How can a memory block created using malloc store more memory than it was initialized with? [duplicate]

when I try the code below it works fine. Am I missing something?
main()
{
int *p;
p=malloc(sizeof(int));
printf("size of p=%d\n",sizeof(p));
p[500]=999999;
printf("p[0]=%d",p[500]);
return 0;
}
I tried it with malloc(0*sizeof(int)) or anything but it works just fine. The program only crashes when I don't use malloc at all. So even if I allocate 0 memory for the array p, it still stores values properly. So why am I even bothering with malloc then?
It might appear to work fine, but it isn't very safe at all. By writing data outside the allocated block of memory you are overwriting some data you shouldn't. This is one of the greatest causes of segfaults and other memory errors, and what you're observing with it appearing to work in this short program is what makes it so difficult to hunt down the root cause.
Read this article, in particular the part on memory corruption, to begin understanding the problem.
Valgrind is an excellent tool for analysing memory errors such as the one you provide.
#David made a good comment. Compare the results of running your code to running the following code. Note the latter results in a runtime error (with pretty much no useful output!) on ideone.com (click on links), whereas the former succeeds as you experienced.
int main(void)
{
int *p;
p=malloc(sizeof(int));
printf("size of p=%d\n",sizeof(p));
p[500]=999999;
printf("p[0]=%d",p[500]);
p[500000]=42;
printf("p[0]=%d",p[500000]);
return 0;
}
If you don't allocate memory, p has garbage in it, so writing to it likely will fail.

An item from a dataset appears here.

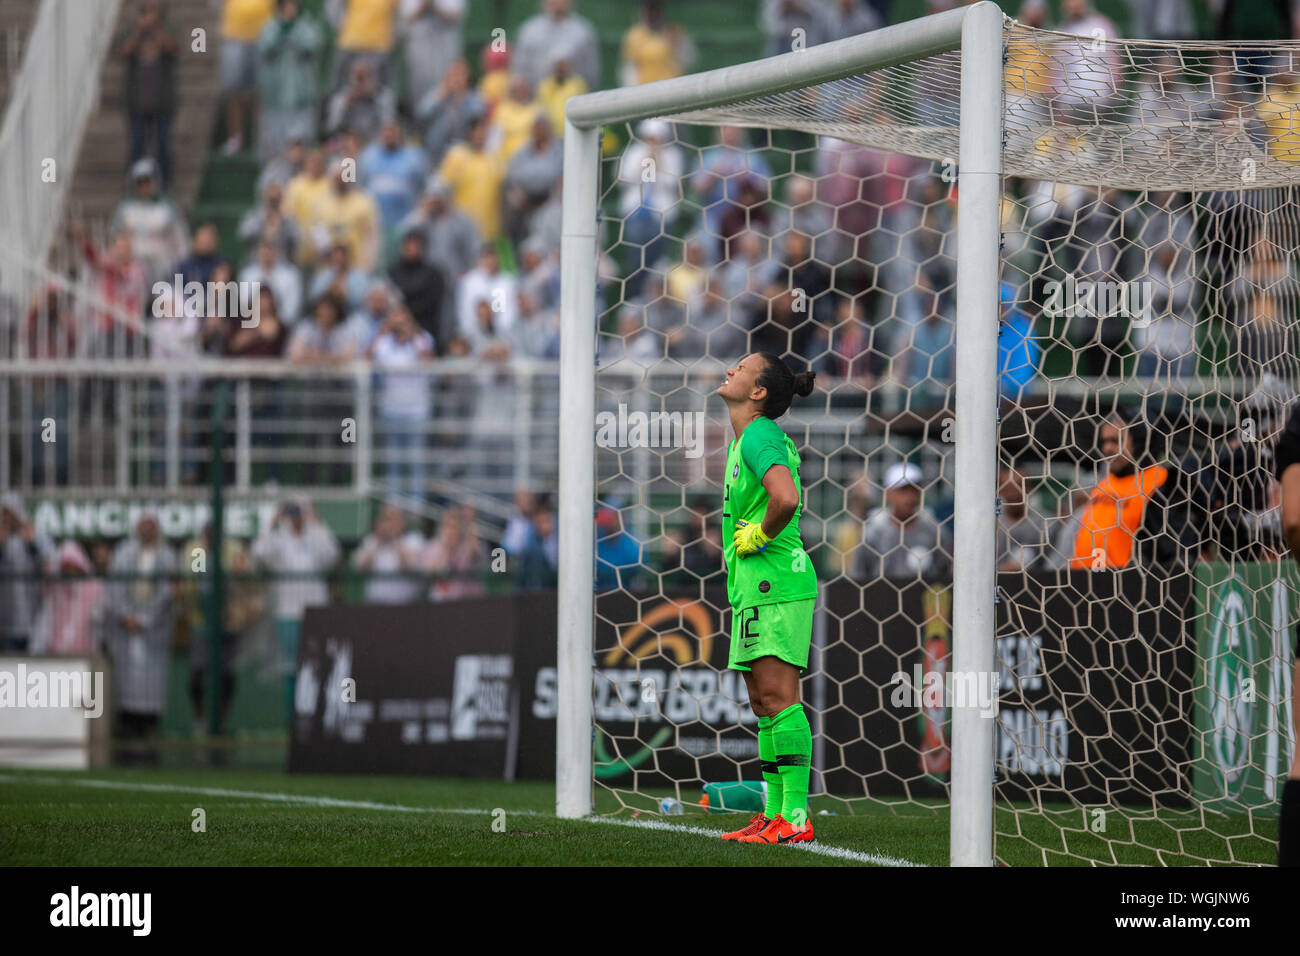 SÃO PAULO, SP - 01.09.2019: BRAZIL X CHILE - Goalkeeper Aline Reis during the penalty shootout that gave Chile the victory. Chilean team celebrates victory on penalties. Uber Women's Sr Cup Cup - Chilean national team wins the Brazilian women&# socteam onm on penalties after a 0-0 draw iaw in normal time. With t of rain, which disrupted the football of bof both teams, and with audience of 15,047 paying and income of $ 174,073.00. The match took place this Sunday, September 1st, 2019, at Pacaembu Stadium, in São Paulo. (Photo: Van Campos/Fotoarena) Stock Photo
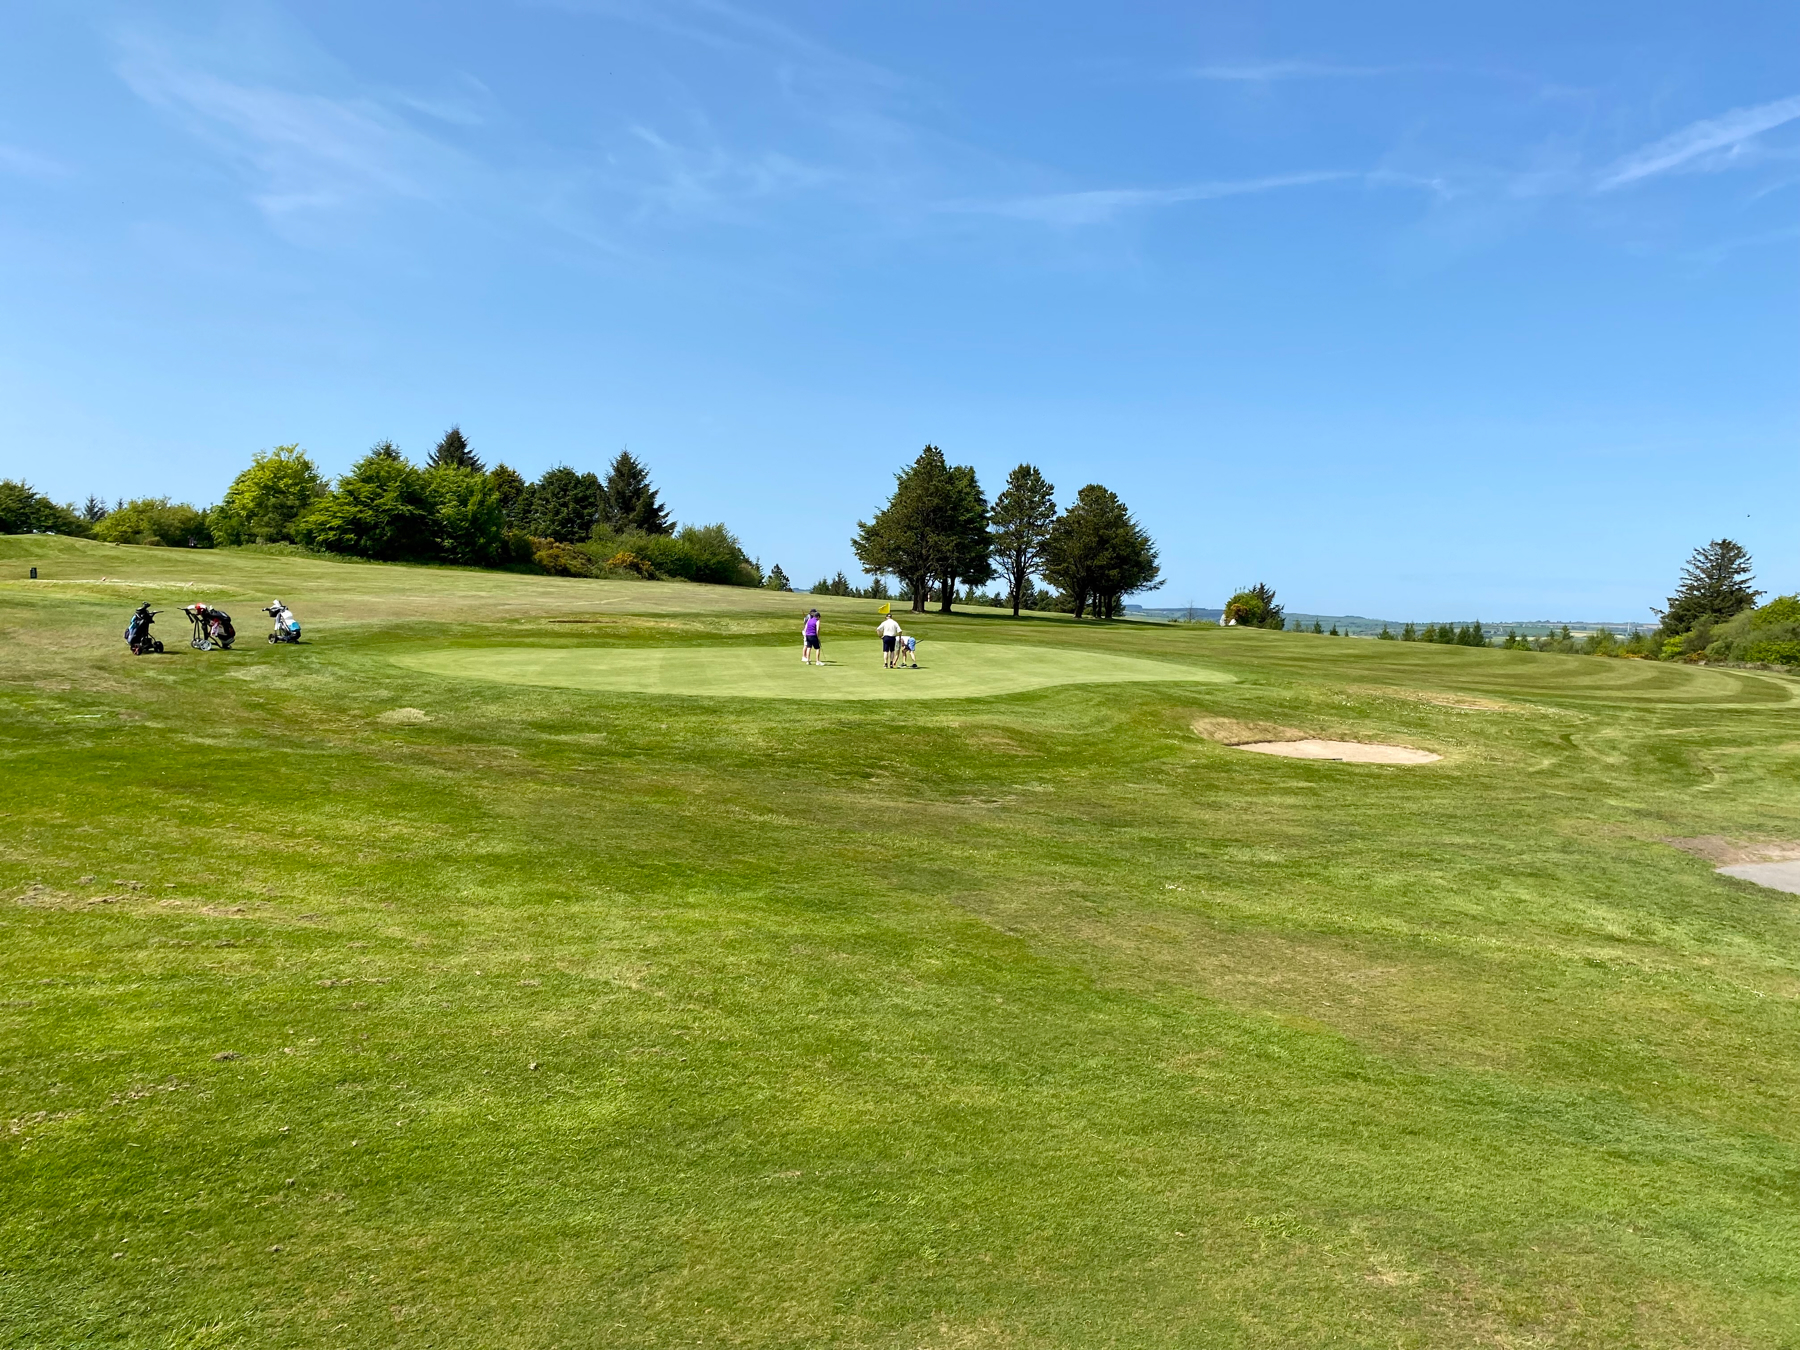 View over a golf course and green, blue skies above.

Once you made a valid malloc call, p is pointing to valid memory location and you can write to it. You are overwriting memory that you shouldn't write to, but nobody's going to hold your hand and tell you about it. If you run your program and a memory debugger such as valgrind, it will tell you.
Welcome to C.
Writing past the end of your memory is Undefined Behaviour™, which means that anything could happen- including your program operating as if what you just did was perfectly legal. The reason for your program running as if you had done malloc(501*sizeof(int)) are completely implementation-specific, and can indeed be specific to anything, including the phase of the moon.
This is because P would be assigned some address no matter what size you use with malloc(). Although, with a zero size you would be referencing invalid memory as the memory hasn't been allocated, but it may be within a location which wouldn't cause program crash, though the behavior will be undefined.
Now if you do not use malloc(), it would be pointing to a garbaging location and trying to access that is likely to cause program crash.
I tried it with malloc(0*sizeof(int))
According to C99 if the size passed to malloc is 0, a C runtime can return either a NULL pointer or the allocation behaves as if the request was for non-zero allocation, except that the returned pointer should not be dereferenced. So it is implementation defined (e.g. some implementations return a zero-length buffer) and in your case you do not get a NULL pointer back, but you are using a pointer you should not be using.If you try it in a different runtime you could get a NULL pointer back.
When you call malloc() a small chunk of memory is carved out of a larger page for you.
malloc(sizeof(int));
Does not actually allocate 4 bytes on a 32bit machine (the allocator pads it up to a minimum size) + size of heap meta data used to track the chunk through its lifetime (chunks are placed in bins based on their size and marked in-use or free by the allocator). hxxp://en.wikipedia.org/wiki/Malloc or more specifically hxxp://en.wikipedia.org/wiki/Malloc#dlmalloc_and_its_derivatives if you're testing this on Linux.
So writing beyond the bounds of your chunk doesn't necessarily mean you are going to crash. At p+5000 you are not writing outside the bounds of the page allocated for that initial chunk so you are technically writing to a valid mapped address. Welcome to memory corruption.
http://www.google.com/search?sourceid=chrome&ie=UTF-8&q=heap+overflows
Our CheckPointer tool can detect this error. It knows that the allocation of p was to a chunk of 4 bytes, and thus the assignment is made, it is outside the area for which p was allocated. It will tell you that the p[500] assignment is wrong.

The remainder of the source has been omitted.